Boolean ring and algebraic numbers

Boolean ring

Let $B$ be a commutative ring with unity. We say that $B$ is a Boolean ring if $x^2=x$ for all $x \in B$. The name “Boolean” certainly rings a bell of the idea of bool values in programming, or in general, the Boolean algebra that is frequently used in logic, digital electronics and computer science.

In this post, we will examine Boolean rings on a level of commutative algebra, followed by an explicit example in algebraic number theory.

Basic properties of Boolean rings

Throughout, let $B$ be a Boolean ring.

Proposition 1. In the Boolean ring $B$, we have

1. $2x=0$ for all $x \in B$.
2. Every prime ideal $\mathfrak{p} \subset B$ is maximal, and $B/\mathfrak{p}$ is a field with two elements.
3. Every finitely generated ideal in $A$ is principal.

Proof. For 1, notice that

$$2x=2x^2=(2x)^2=4x^2 \implies 2x=2x^2=(4x^2-2x^2)=(2x^2-2x^2)=0$$

For 2, it suffices to show that for every prime ideal $\mathfrak{p} \subset B$, we have $B/\mathfrak{p} \cong \mathbb{Z}/2\mathbb{Z}$.

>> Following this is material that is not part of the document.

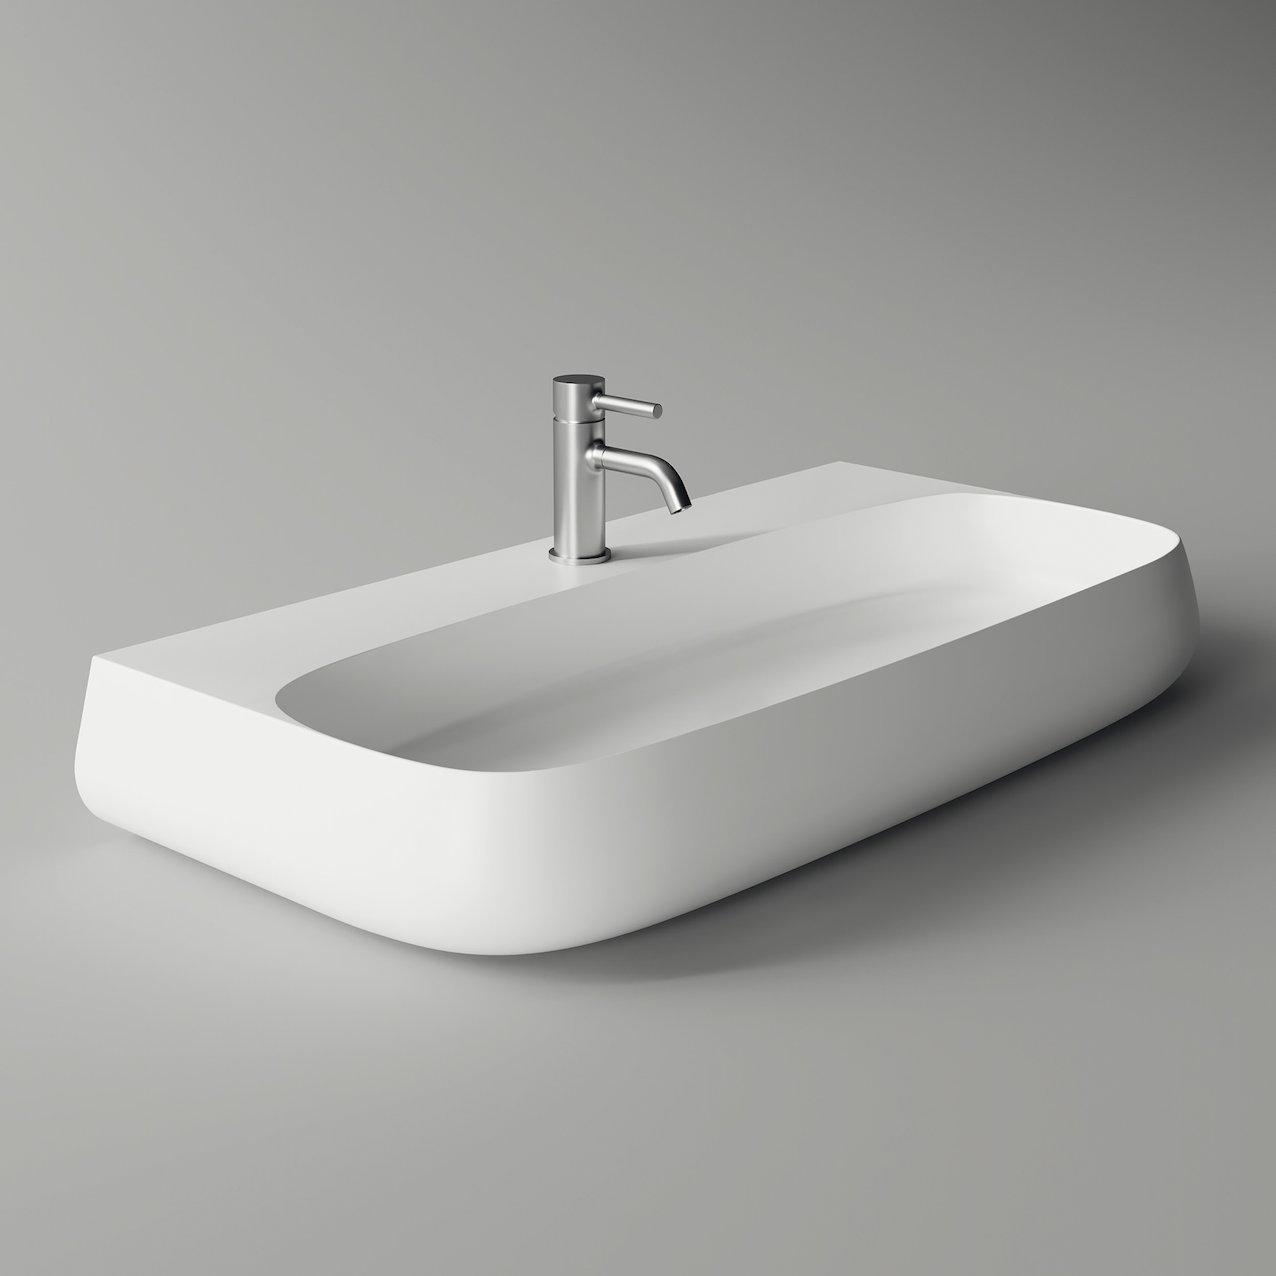 Lavabo NUR 90x45 cm
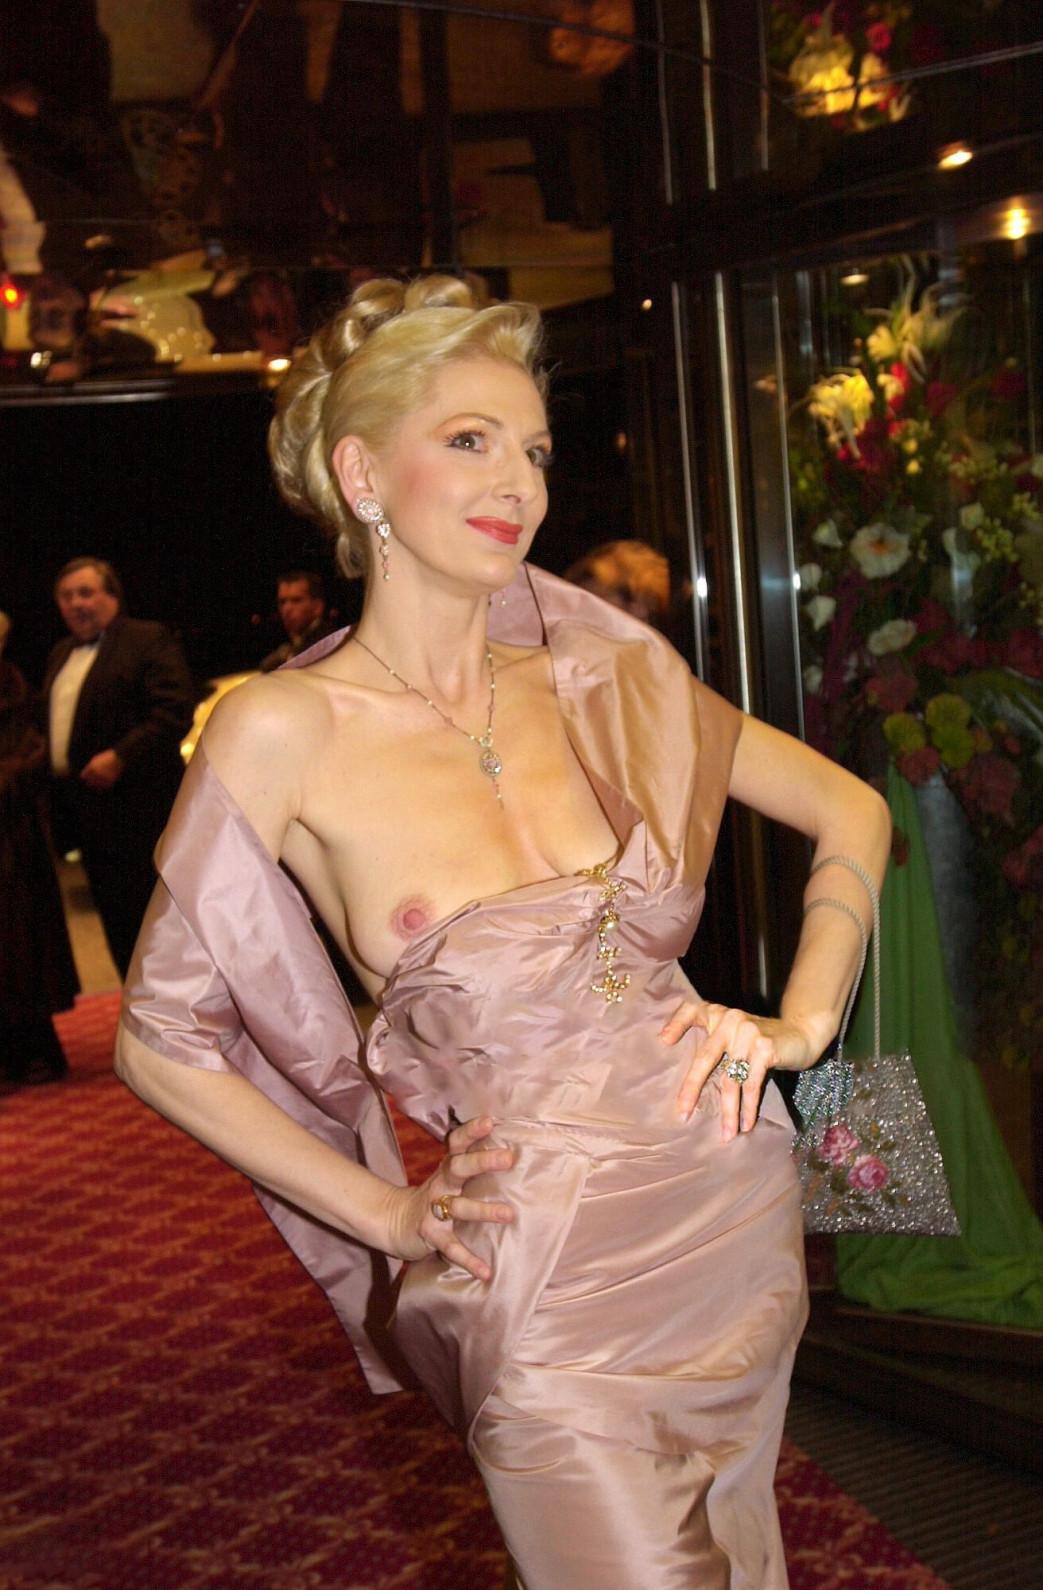 Desiree-Nick-Boob-Slip-at-unesco-benefiz-gala-2001-6.jpg

Pick $x \in B \setminus \mathfrak{p}$. Then in $B/\mathfrak{p}$ we have $\overline{x}^2=\overline{x}$, where $\overline{x}=x+\mathfrak{p} \in B/\mathfrak{p}$. Therefore $\overline{x}(\overline{x}-\overline{1})=0$. However, since $B/\mathfrak{p}$ is entire, we see that we must have $\overline{x}=\overline{1}$ since $x \not\in \mathfrak{p}$. Therefore there are exactly two elements in $B/\mathfrak{p}$,...